# Chromium audio



## grahamperrin@ (Jan 28, 2022)

With Teams, neither the _microphone_ nor the _speaker_ can be changed.

Is this normal?






www/chromium only in this topic, please.


----------



## Geezer (Jan 28, 2022)

In skype for web within chromium with standard options, the microphone  could not be changed. (And possibly speakers, I do not remember.)

Rebuilding it with [the.dreaded] pulseaudio [/the.dreaded] gave me the options to change all that lot.


----------



## MarcoB (Jan 28, 2022)

Chromium uses sndio by default.


----------



## grahamperrin@ (Jan 28, 2022)

MarcoB said:


> Chromium uses sndio by default.



Does sndio not allow audio devices to be chosen as pictured above? 

Is `sysctl hw.snd.default_unit=3` as root the only workaround in situations such as this?


----------



## grahamperrin@ (Feb 26, 2022)

Teams <https://teams.microsoft.com/> 

A few days ago I tried to use the microphone in a USB headset. The other person couldn't hear me. 

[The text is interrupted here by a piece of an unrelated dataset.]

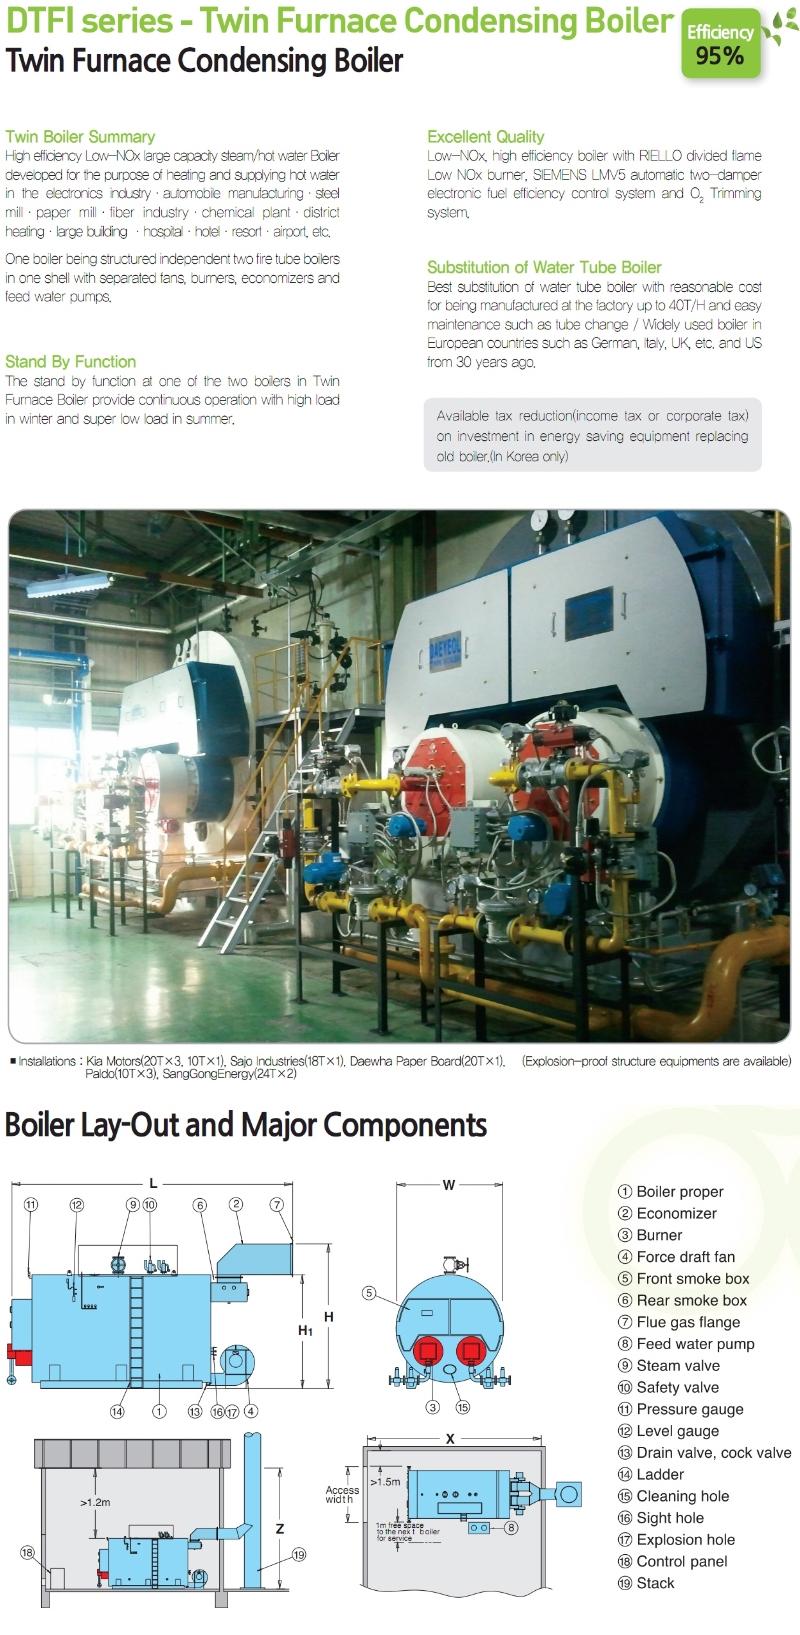 DAEYEOL BOILER - Twin Furnace Condensing Boiler - DTFI-Series - Products

Teams for personal use <https://teams.live.com/>

If anyone would like to help me test (with www/chromium), please send a private message. Thanks.


----------



## grahamperrin@ (Feb 27, 2022)

Thanks to the person who volunteered to test 

Before opening Chromium, I used mixer(8) in FreeBSD 14.0-CURRENT to change the default e.g.

`mixer -d3`

– with a SteelSeries Siberia 350 v3 headset at `pcm3`.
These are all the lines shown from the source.